An independent party, Lions Vision Gift eye bank, analyzed the corneal tissue after treatment with the plasma sanitization systems for damage. The analyzing included viability staining The results of the analysis demonstrated that the tissue was not damaged by the plasma sterilization processes.
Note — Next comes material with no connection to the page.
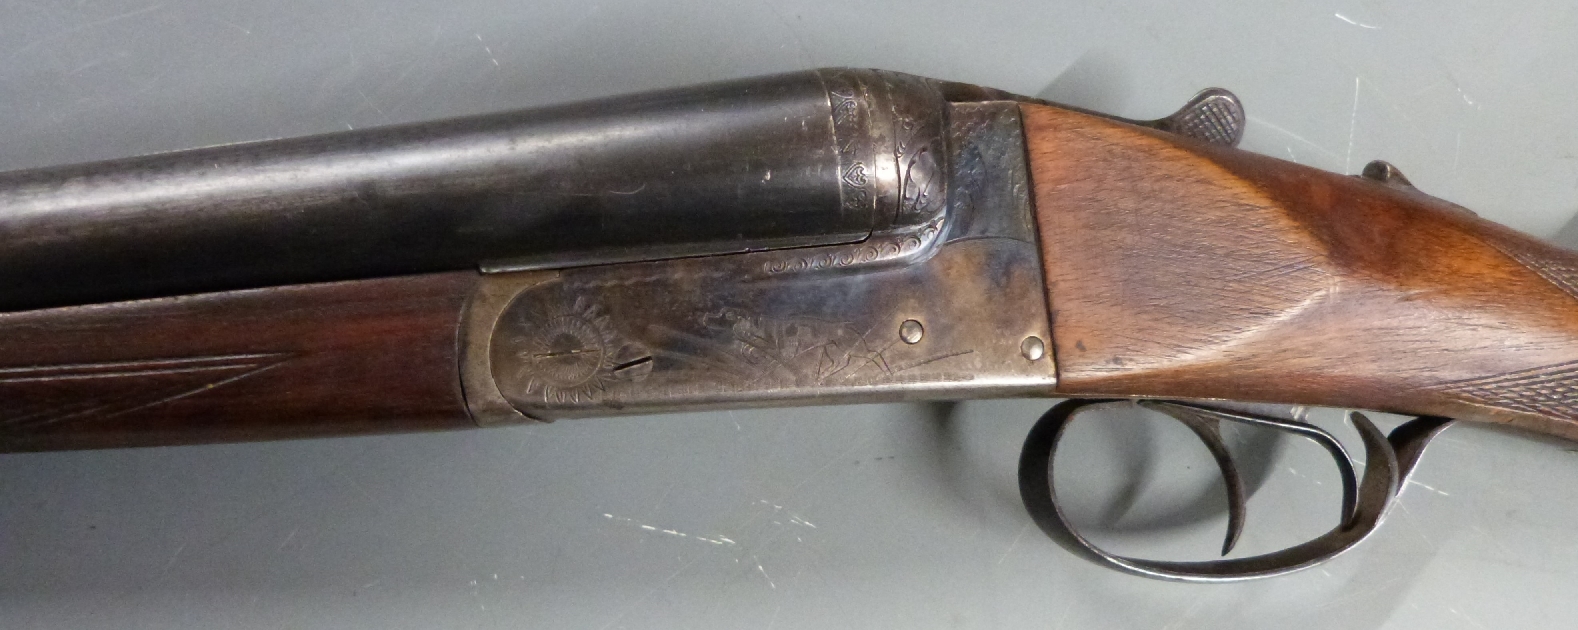 Essex 12 bore side by side shotgun with engraved locks, trigger guard underside and top plate, - Image 5 of 7

While the present invention has been illustrated by the description of embodiments thereof and while the embodiments have been described in considerable detail, it is not the intention of the applicants to restrict or in any way limit the scope of the appended claims to such detail. Additional advantages and modifications will readily appear to those skilled in the art. For example, the sanitizing station 400 may be utilized in a shower, or portable shower system that may be set up to decontaminate persons or large objects on a site that has become contaminated by bacteria. Moreover, elements described with one embodiment may be readily adapted for use with other embodiments. Therefore, the invention, in its broader aspects, is not limited to the specific details, the representative apparatus and illustrative examples shown and described. Accordingly, departures may be made from such details without departing from the spirit or scope of the applicants' general inventive concept.

Claims

1. A method of preparing corneal tissue for transplant comprising:

obtaining corneal tissue that has been harvested for transplanting;

exposing the harvested corneal tissue to a plasma-activated fluid for a period of time.

2. The method of claim 1 wherein the plasma-activated fluid is a gas.

3. The method of claim 2 wherein the gas is helium.

4. The method of claim 2 wherein the gas is air.

5. The method of claim 1 wherein the plasma-activated fluid includes water.

6. The method of claim 1 wherein the plasma-activated fluid is a mist.

7. The method of claim 1 wherein the plasma-activated fluid is a liquid.

8. The method of claim 1 wherein the exposure time is less than about 60 seconds.

9. The method of claim 1 wherein the exposure time is less than about 30 seconds.

10. The method of claim 1 wherein the exposure time is less than about 15 seconds.

11. The method of claim 1 wherein the exposure time is less than about 5 seconds.

12. A method of sterilizing corneal tissue comprising;

obtaining corneal tissue that has been removed from a body;

applying a plasma-activated fluid to one or more sides of the corneal tissue for a predetermined period of time.

13. The method of claim 12 wherein the predetermined time is greater than about 5 seconds

14. The method of claim 12 wherein the predetermined time is greater than about 10 seconds.

15. The method of claim 12 wherein the predetermined time is less than about 60 seconds.

16. The method of claim 12 wherein sterilizing the corneal tissue comprises killing or deactivating bacteria.

17. The method of claim 12 wherein sterilizing the corneal tissue comprises killing or deactivating fungus.

18. A method of treating harvested corneal tissue comprising;

obtaining corneal tissue harvested for transplanting;

applying a plasma-activated fluid to one or more sides of the harvested corneal tissue for a period of time sufficient to reduce the bacterial content by more than 99.999%.

19. A method of treating harvested corneal tissue comprising;

obtaining corneal tissue harvested for transplanting;

applying a plasma-activated fluid to one or more sides of the harvested corneal tissue for a period of time sufficient to reduce the fungal content by more than 99.999%.

20. The method of claim 19 wherein the period of time is less than about 60 seconds.